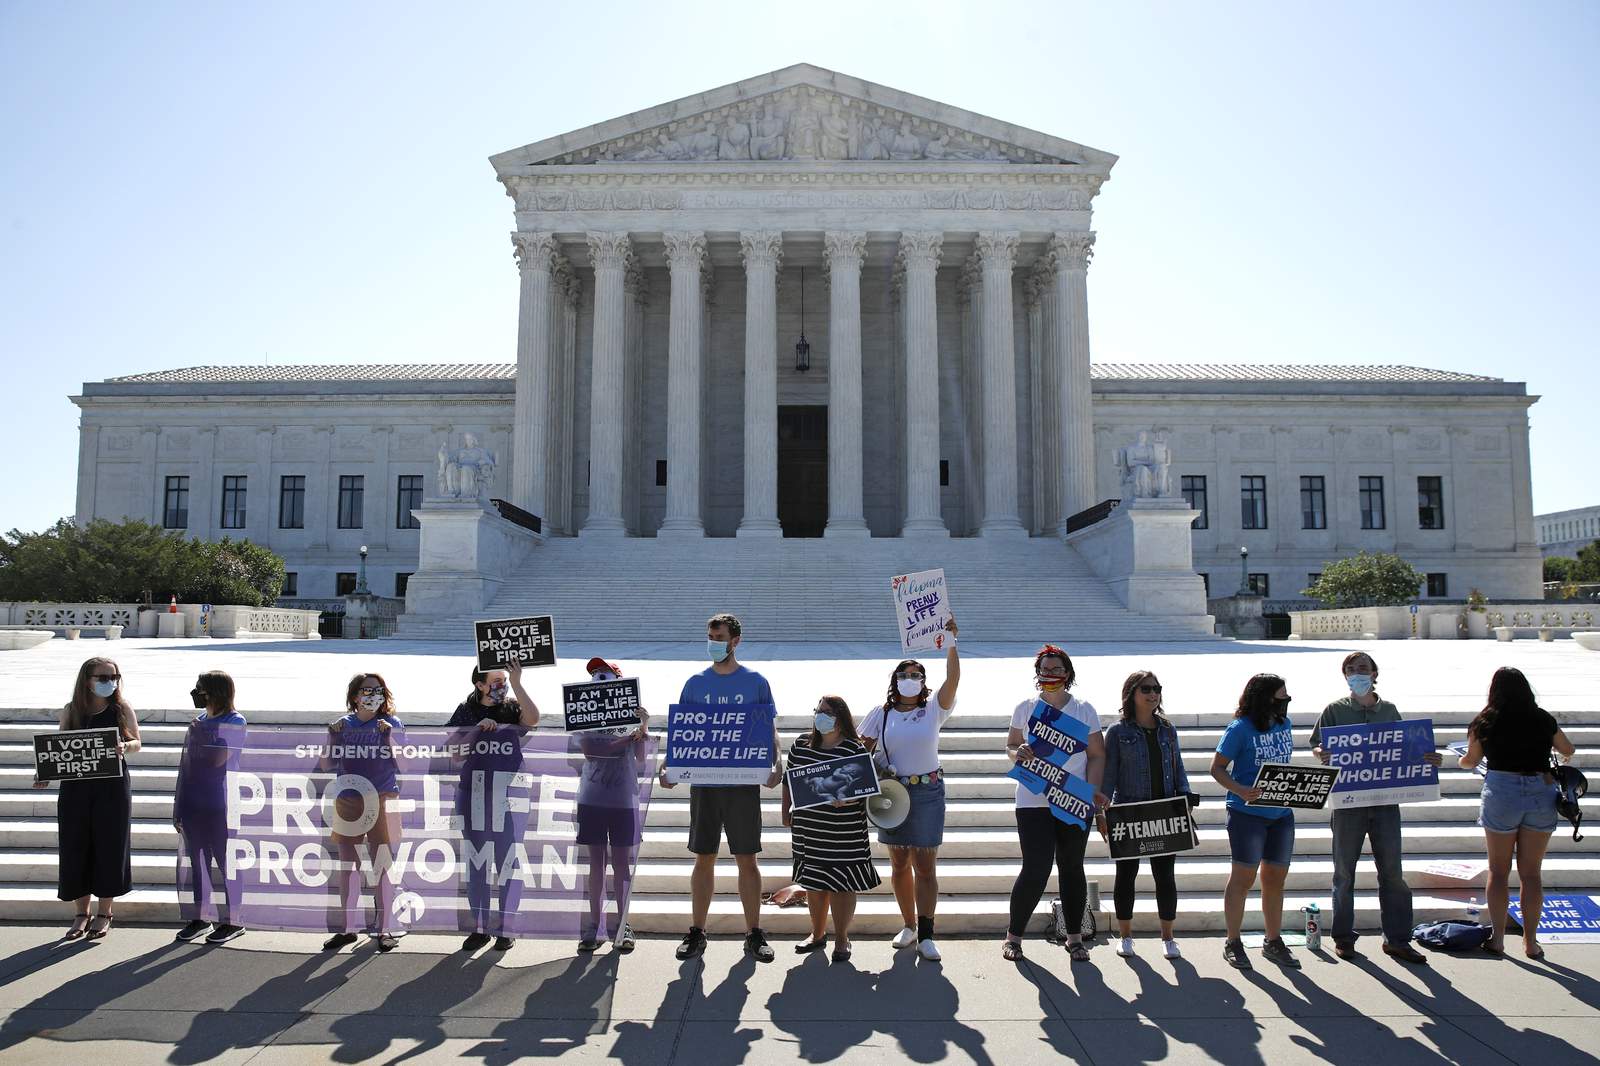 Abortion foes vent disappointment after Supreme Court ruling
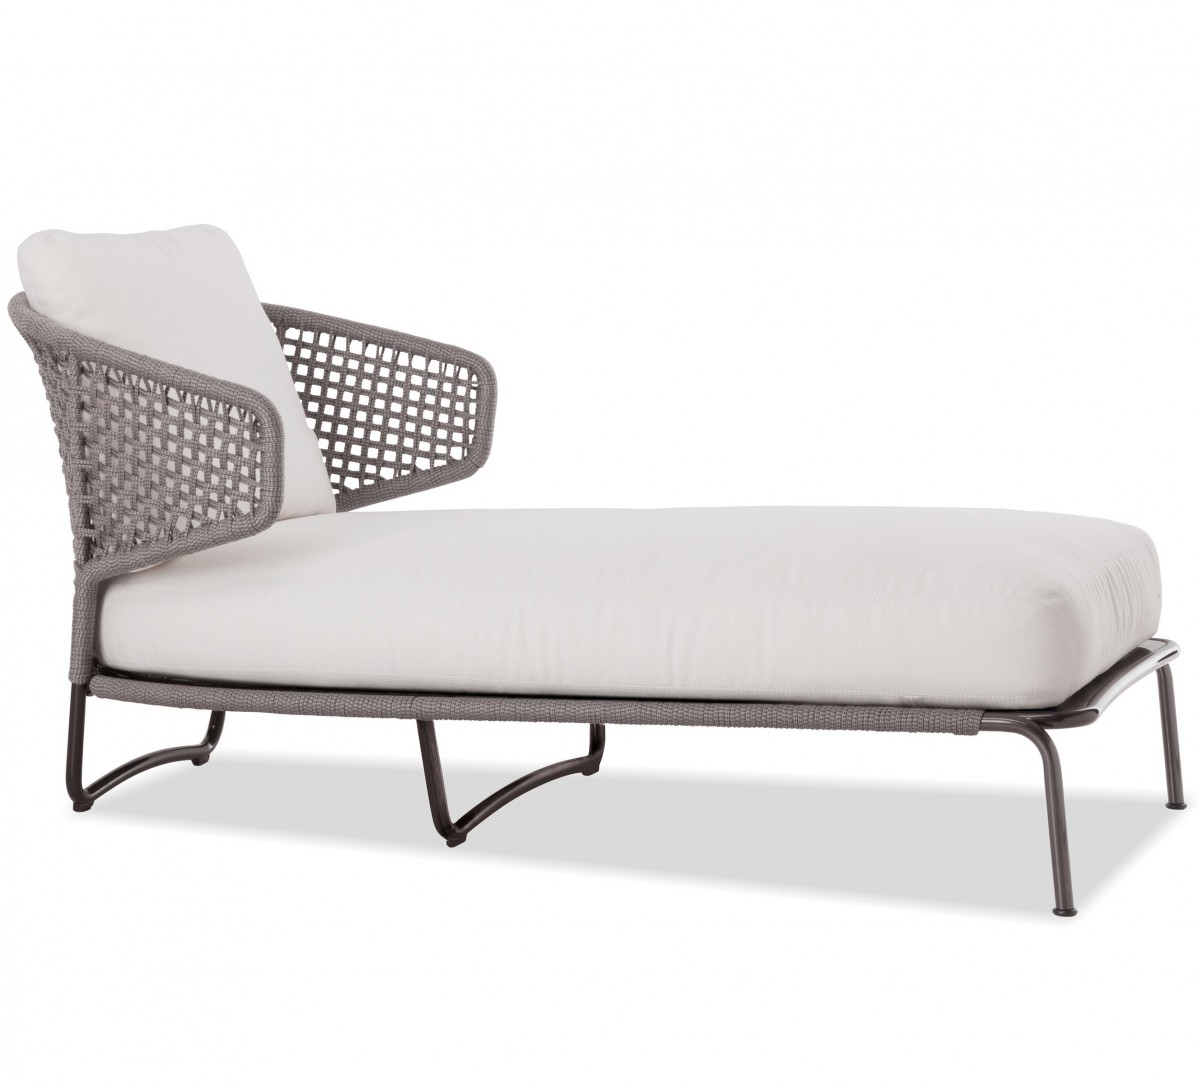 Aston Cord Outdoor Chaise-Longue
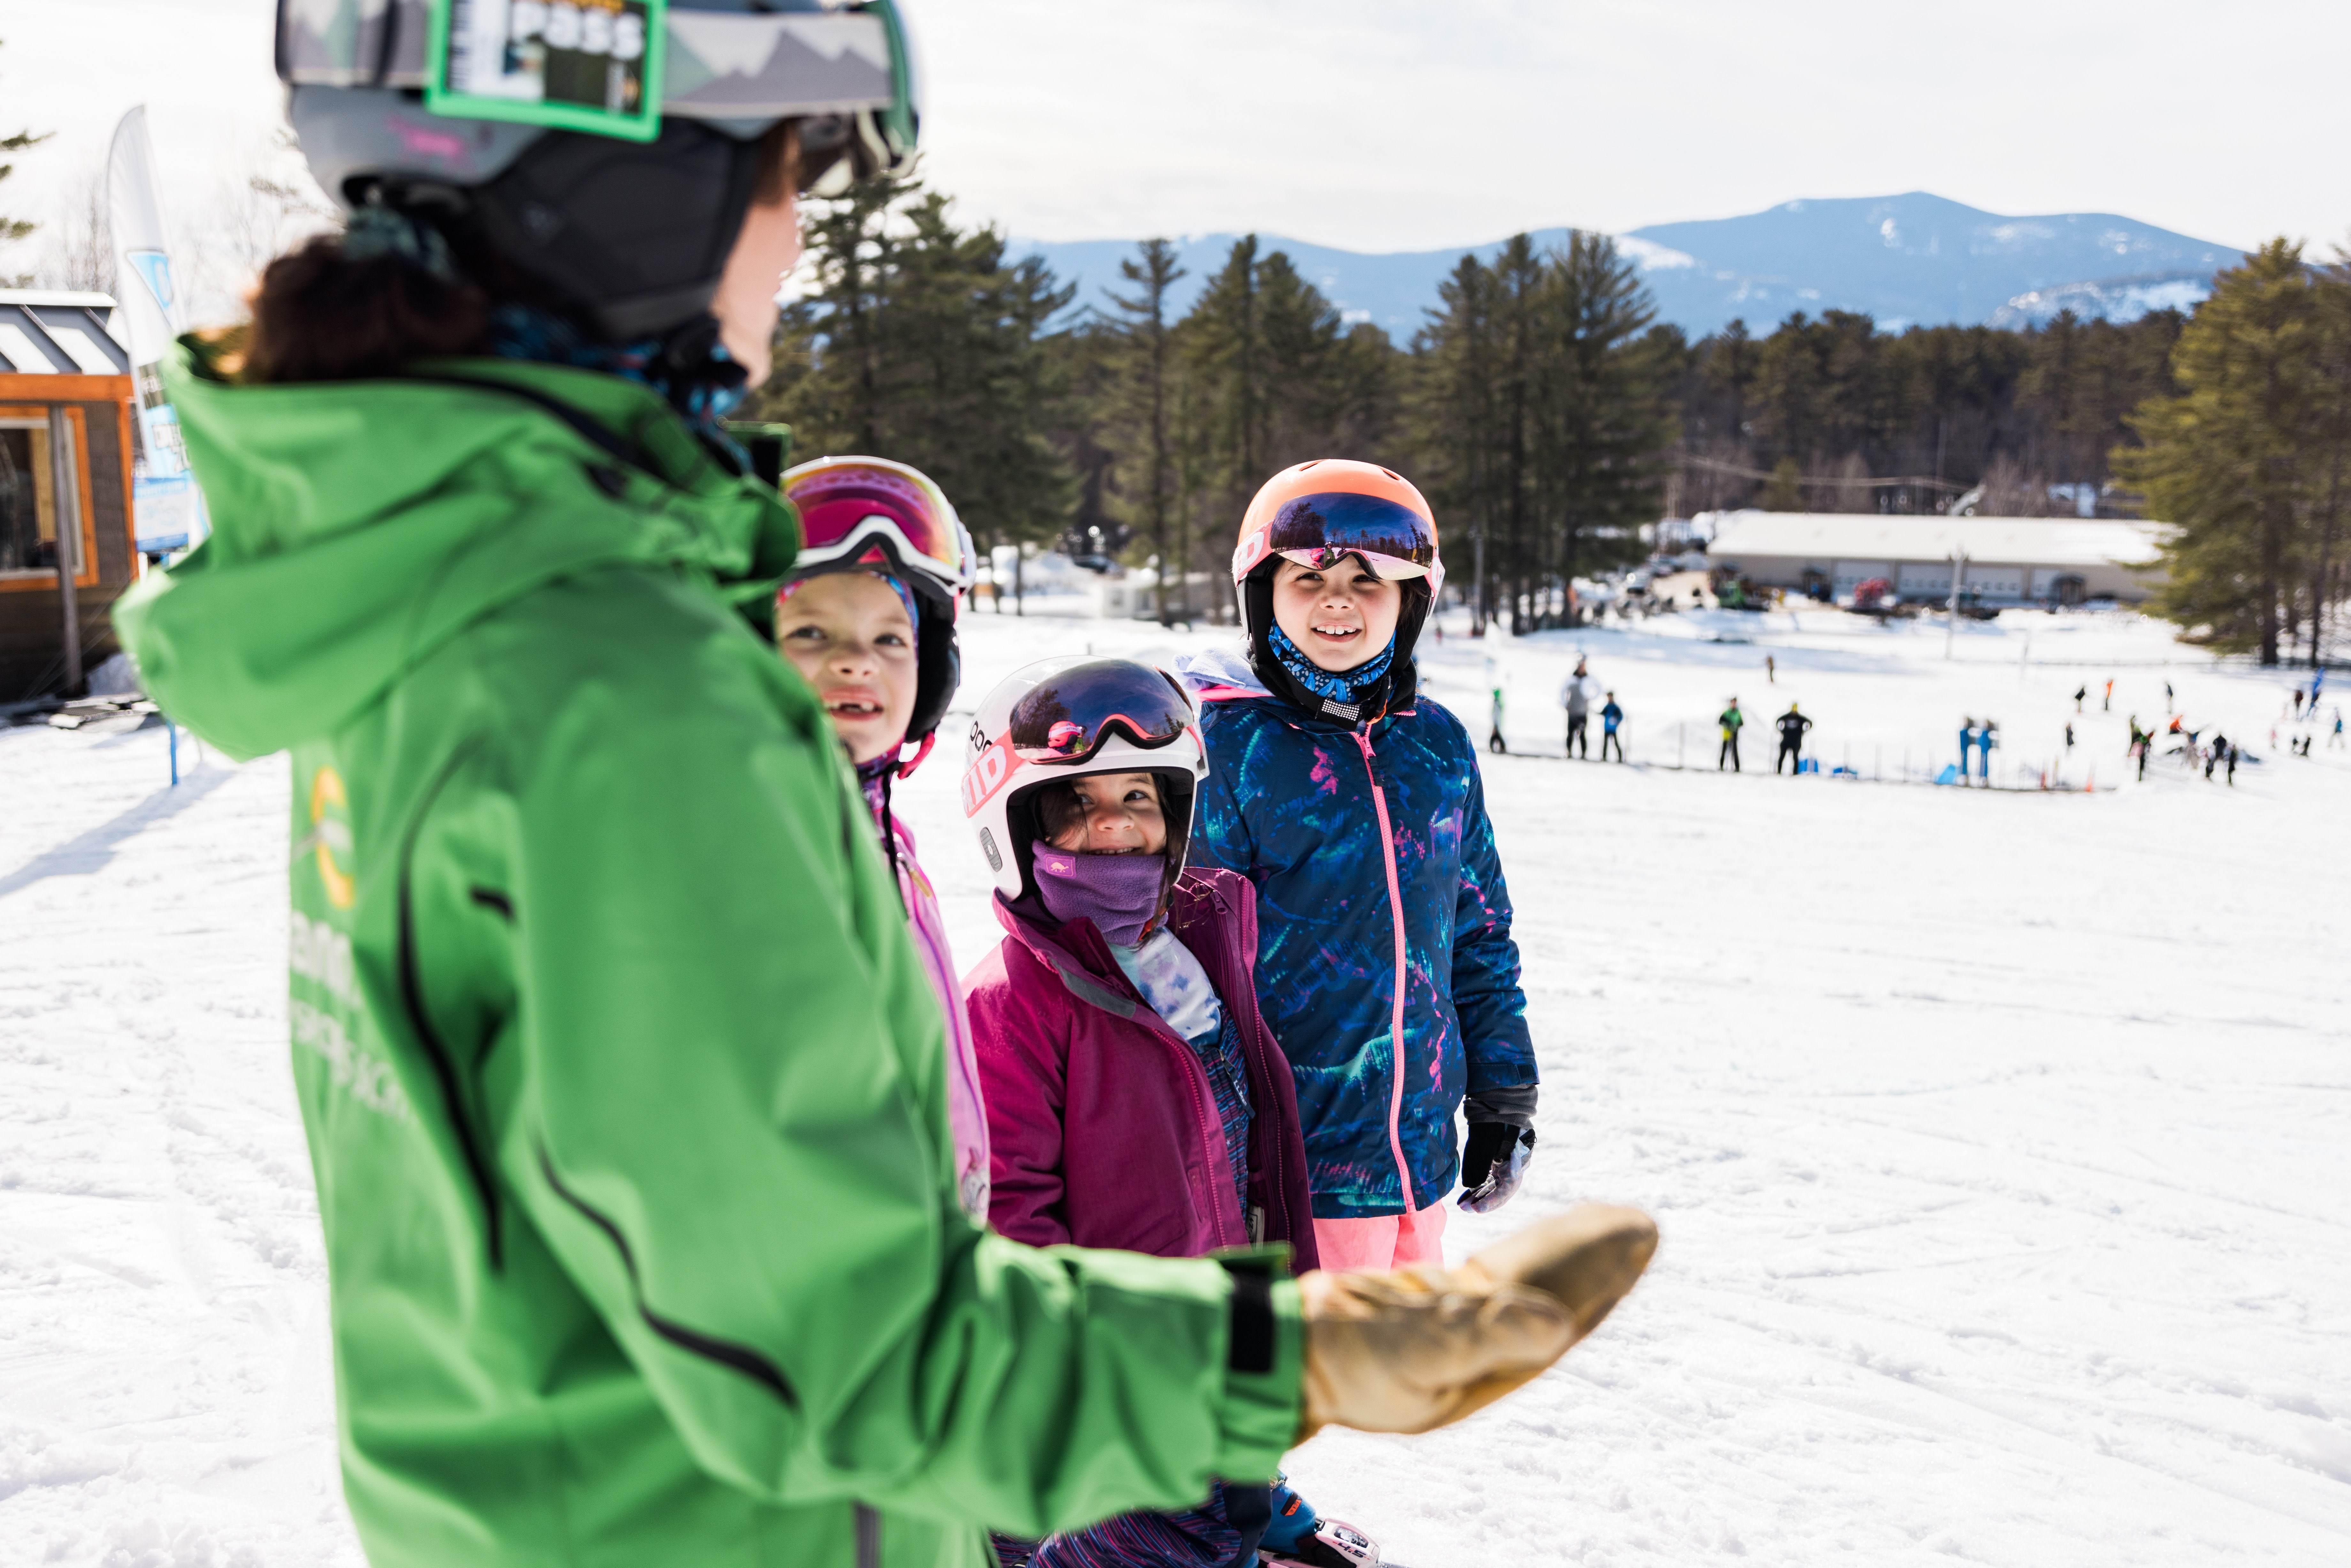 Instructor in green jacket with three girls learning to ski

● ● ● ● ●

▶ _WORK ORDER_
When you copy the listing, keep every line exactly as it is but leave out all images.

▶ _PROBLEM SOLUTION_
 Abortion foes vent disappointment after Supreme Court ruling
 Aston Cord Outdoor Chaise-Longue
 Instructor in green jacket with three girls learning to ski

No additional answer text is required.